TASK OBJECTIVE: Begin at the line below that has "Купить роутер keenetic". Stop after the line that has "Huile de soin - Miel de Macadamia - Peclavus", repeating each line exactly and leaving out the pictures.

RECORDS TO PROCESS:
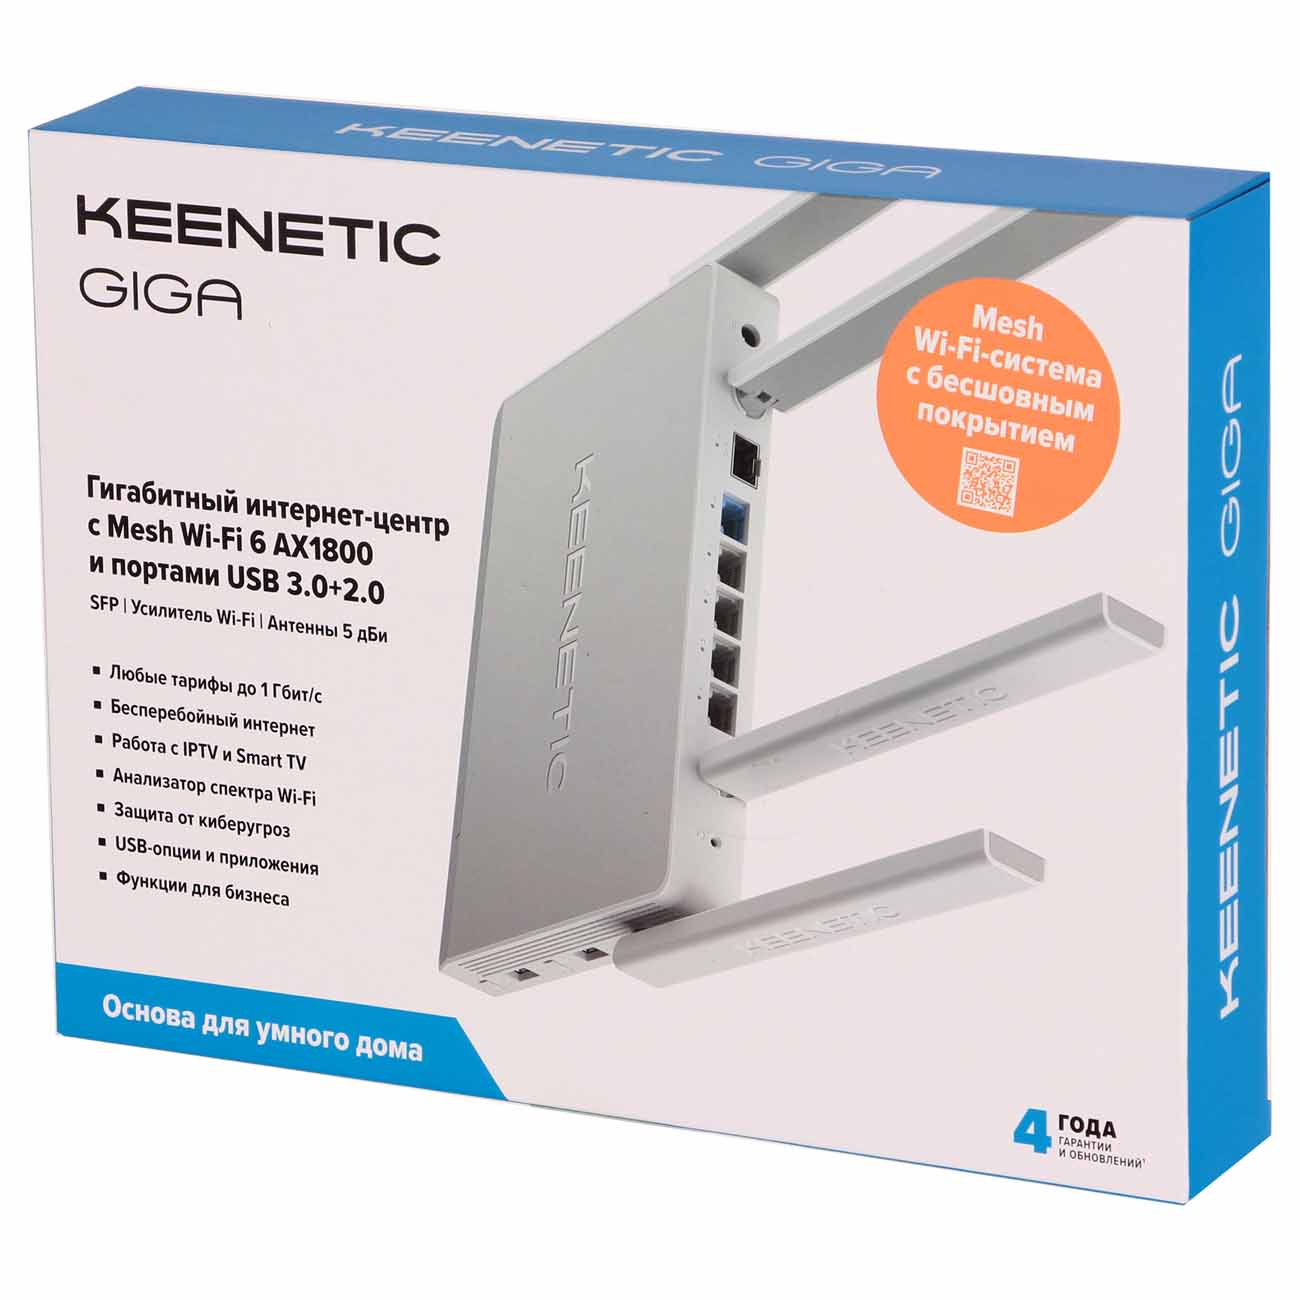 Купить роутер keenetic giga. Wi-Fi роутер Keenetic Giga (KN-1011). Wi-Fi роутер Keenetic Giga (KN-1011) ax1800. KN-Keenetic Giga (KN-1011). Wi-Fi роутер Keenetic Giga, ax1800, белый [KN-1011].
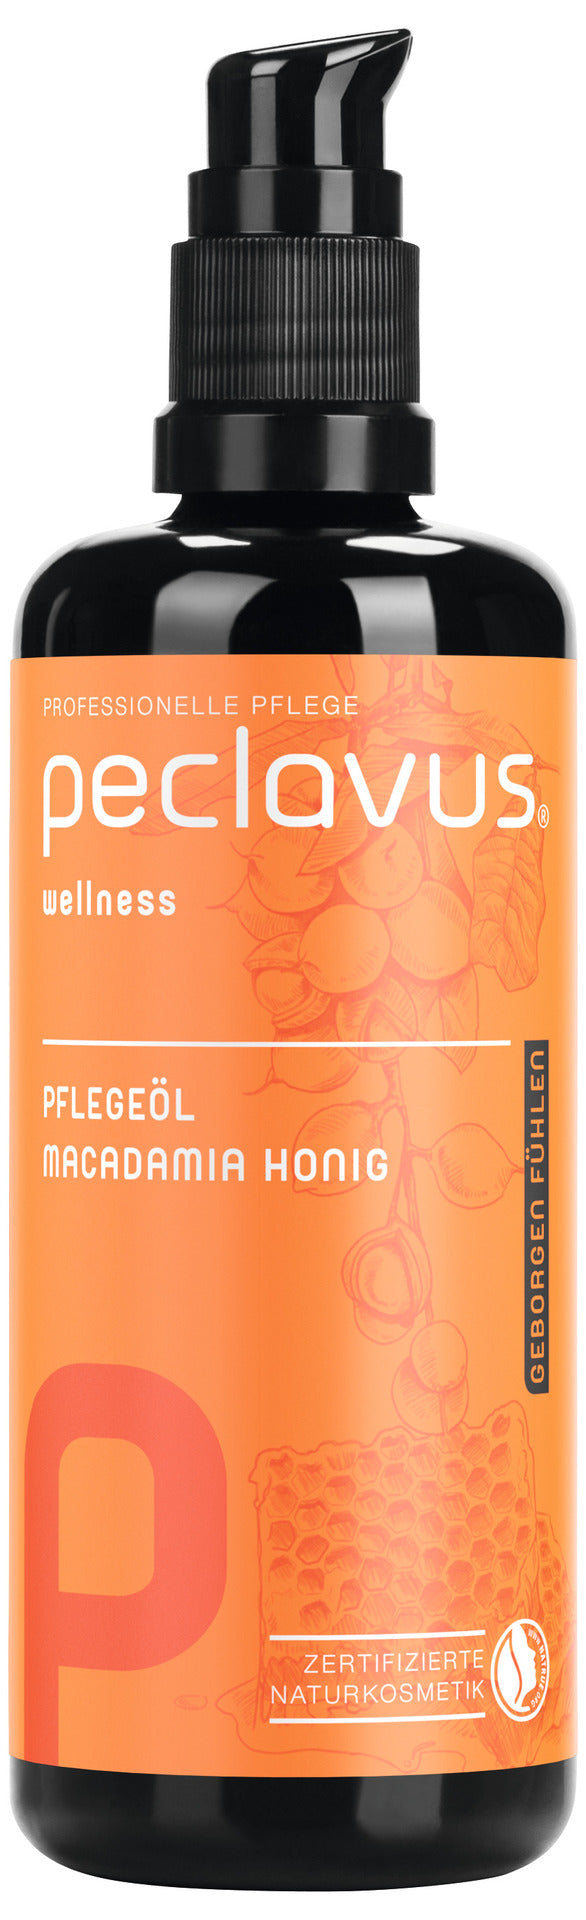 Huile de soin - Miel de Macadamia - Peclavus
...
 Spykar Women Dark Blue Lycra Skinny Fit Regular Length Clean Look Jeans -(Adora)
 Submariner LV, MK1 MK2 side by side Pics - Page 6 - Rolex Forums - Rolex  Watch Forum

OUTPUT BELOW:
 Купить роутер keenetic giga. Wi-Fi роутер Keenetic Giga (KN-1011). Wi-Fi роутер Keenetic Giga (KN-1011) ax1800. KN-Keenetic Giga (KN-1011). Wi-Fi роутер Keenetic Giga, ax1800, белый [KN-1011].
 Huile de soin - Miel de Macadamia - Peclavus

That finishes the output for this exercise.